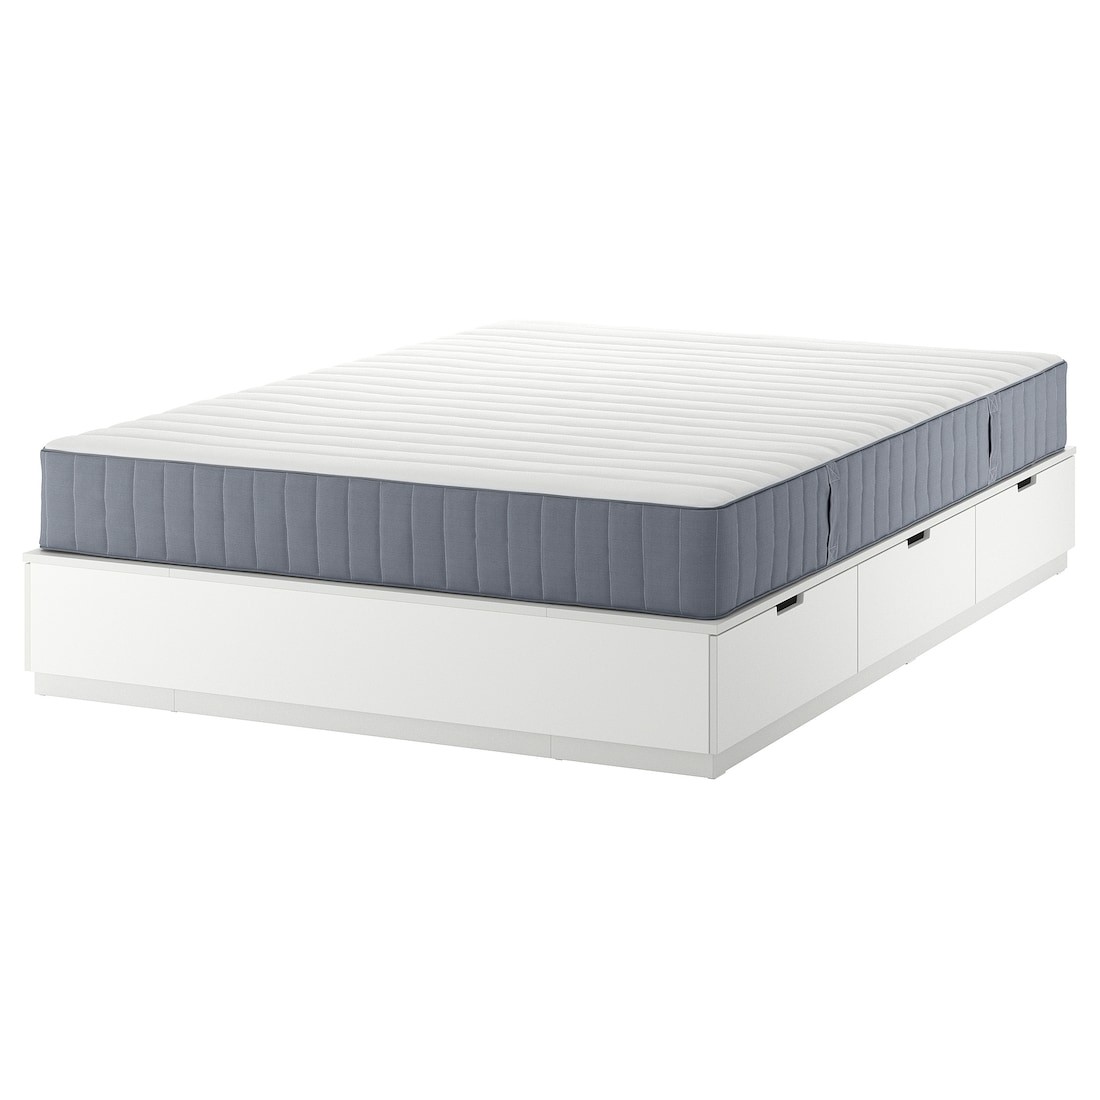 NORDLI Кровать с контейнером и матрасом, белый / Valevåg средней жесткости, 160x200 см
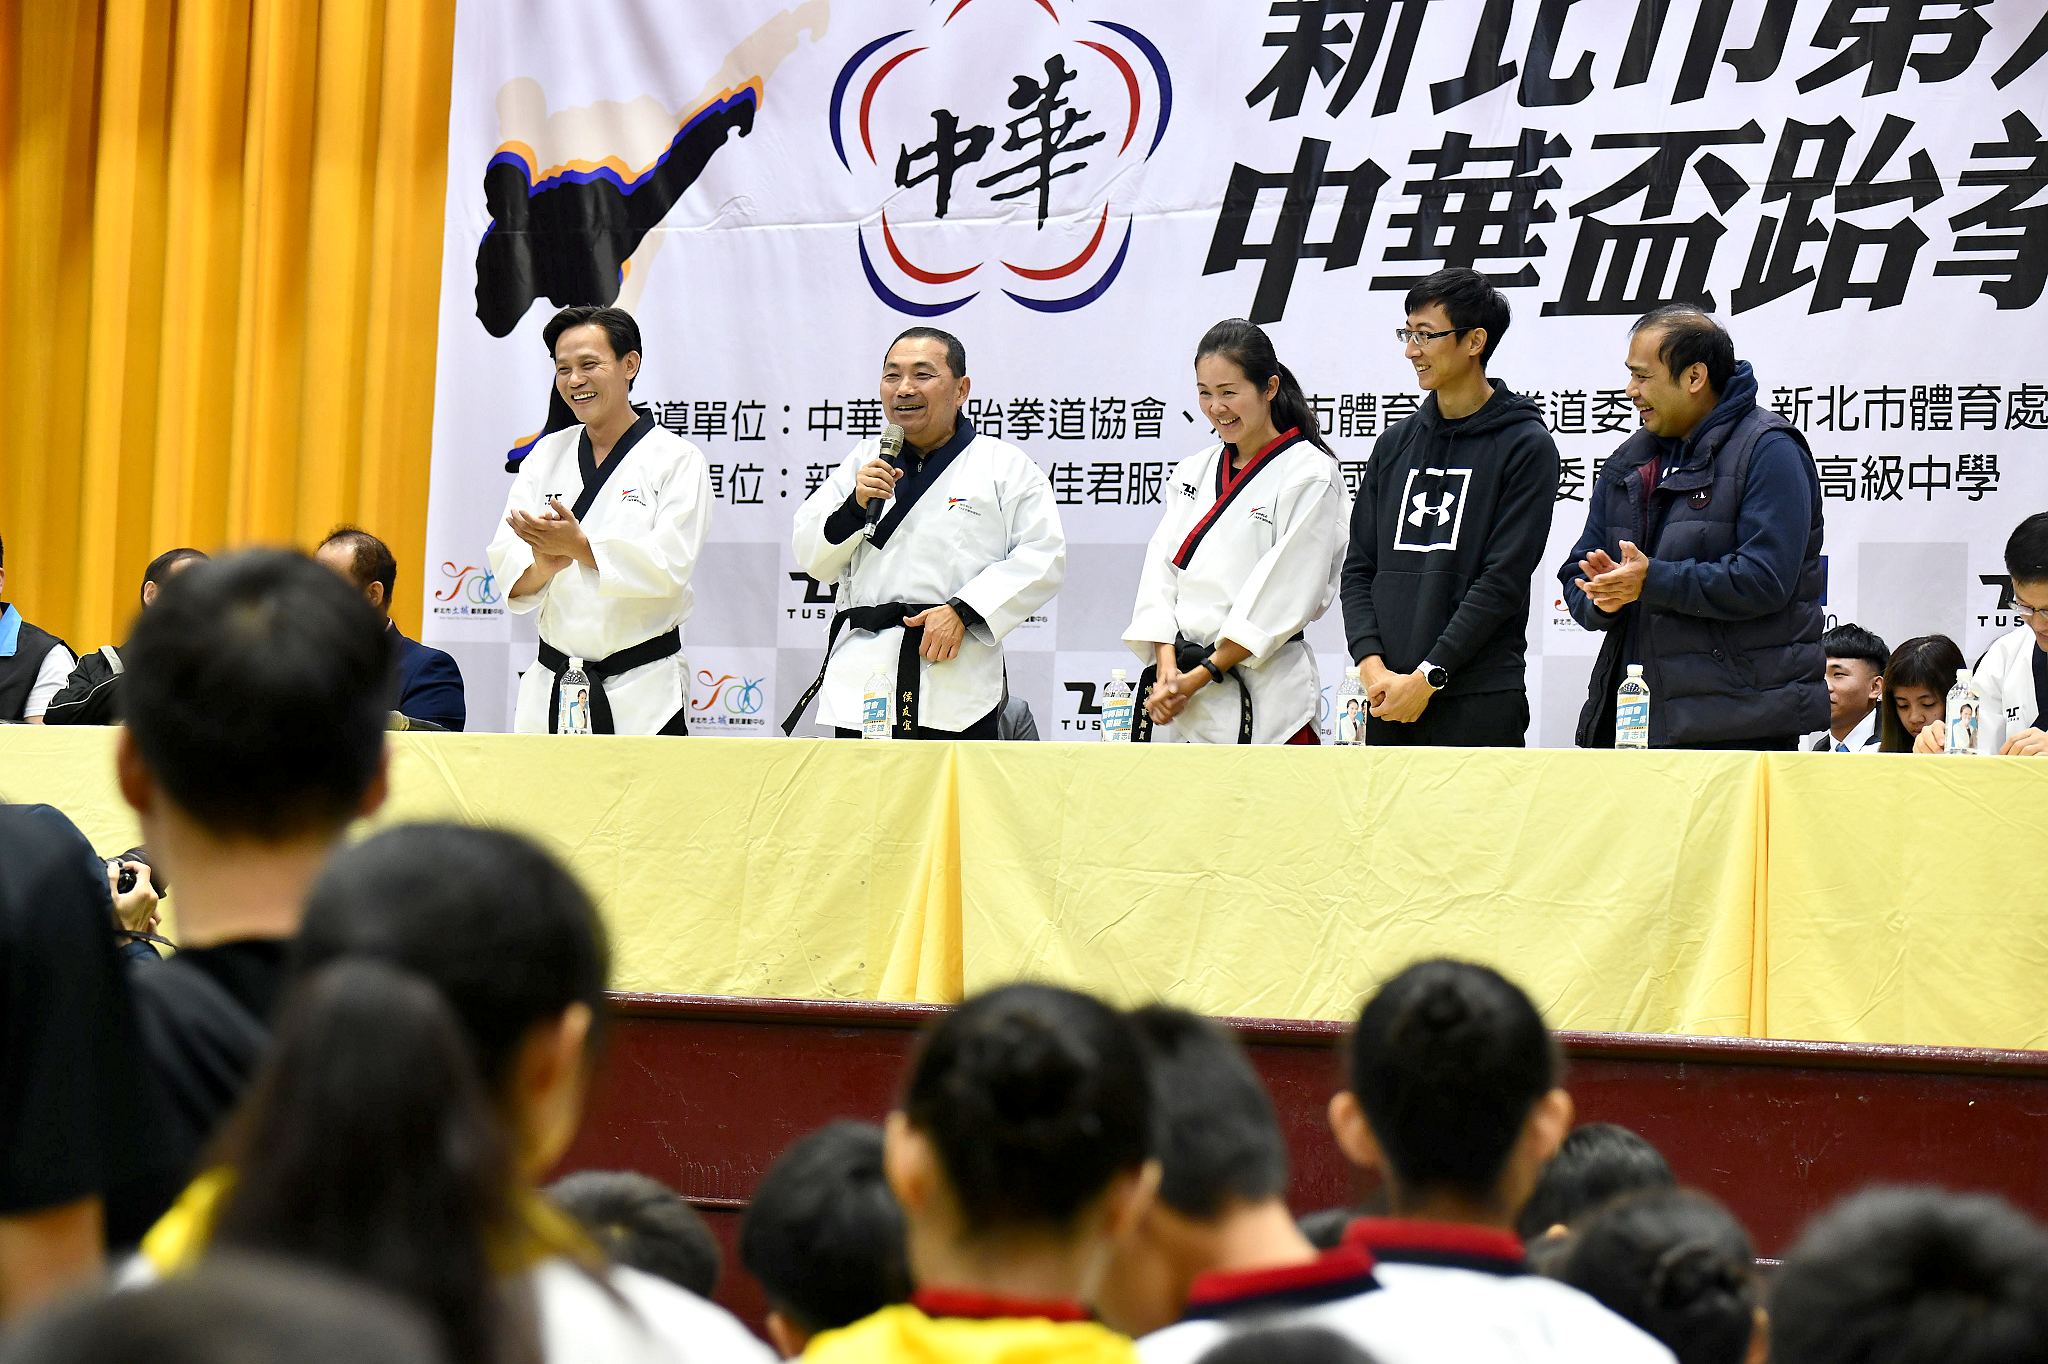 中華盃跆拳道錦標賽 侯友宜及奧運金銀銅牌得主到場鼓勵
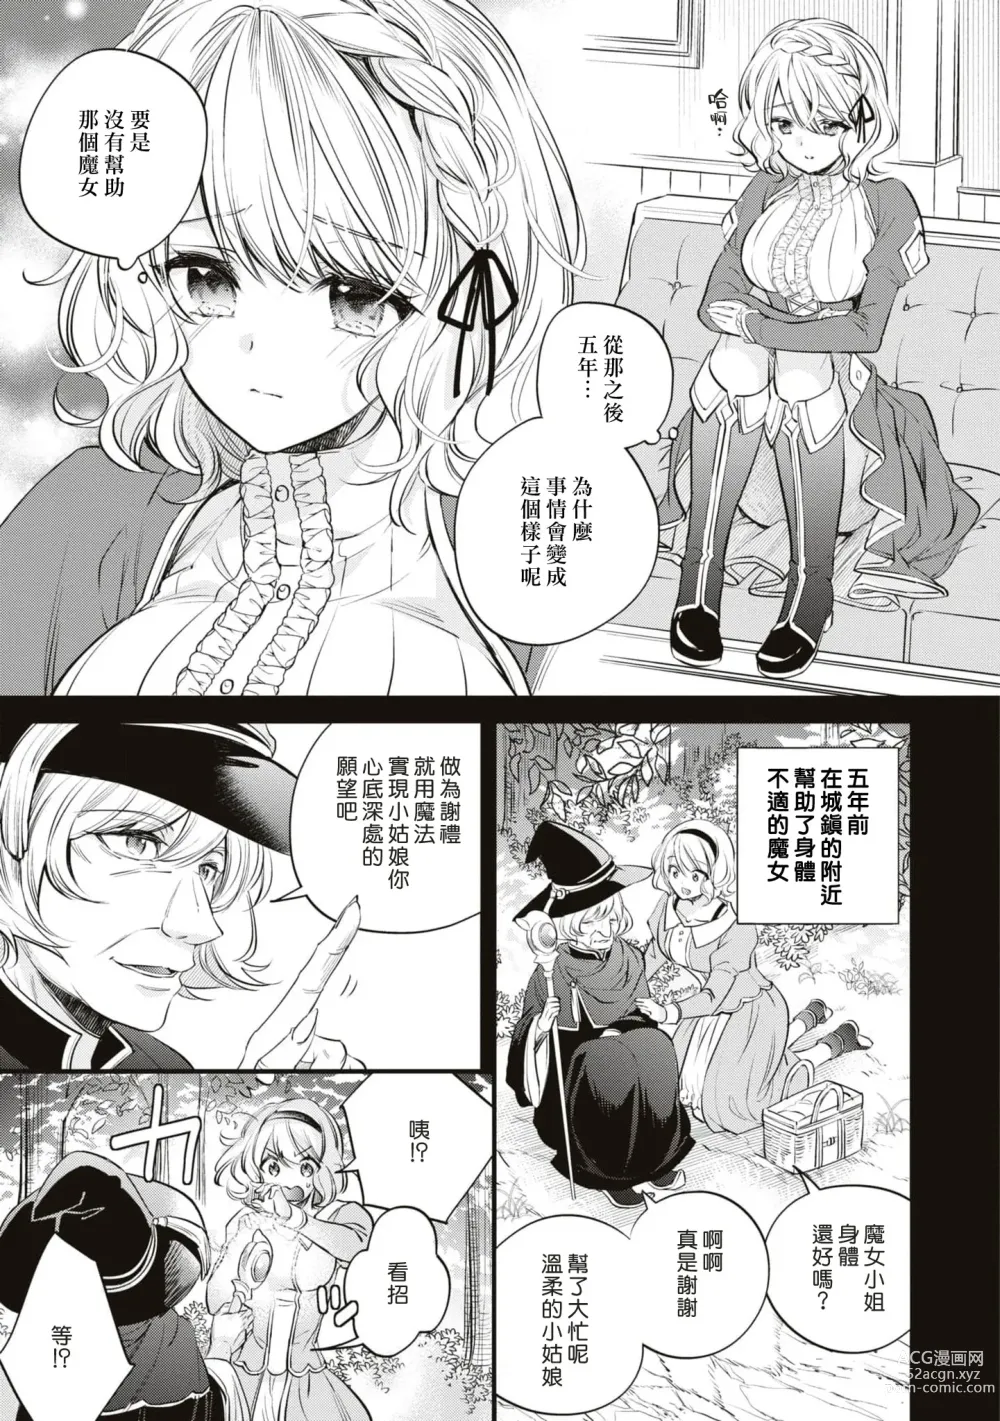 Page 3 of manga 不经意间帮助过的魔女向我报恩，所以被下了会自动朝喜欢的人走去，并会在碰触他时被施予淫纹的魔法。

=======

Leaving the pictures aside, transcribe the entire listing exactly.

 NORDLI Кровать с контейнером и матрасом, белый / Valevåg средней жесткости, 160x200 см
 中華盃跆拳道錦標賽 侯友宜及奧運金銀銅牌得主到場鼓勵
 Page 3 of manga 不经意间帮助过的魔女向我报恩，所以被下了会自动朝喜欢的人走去，并会在碰触他时被施予淫纹的魔法。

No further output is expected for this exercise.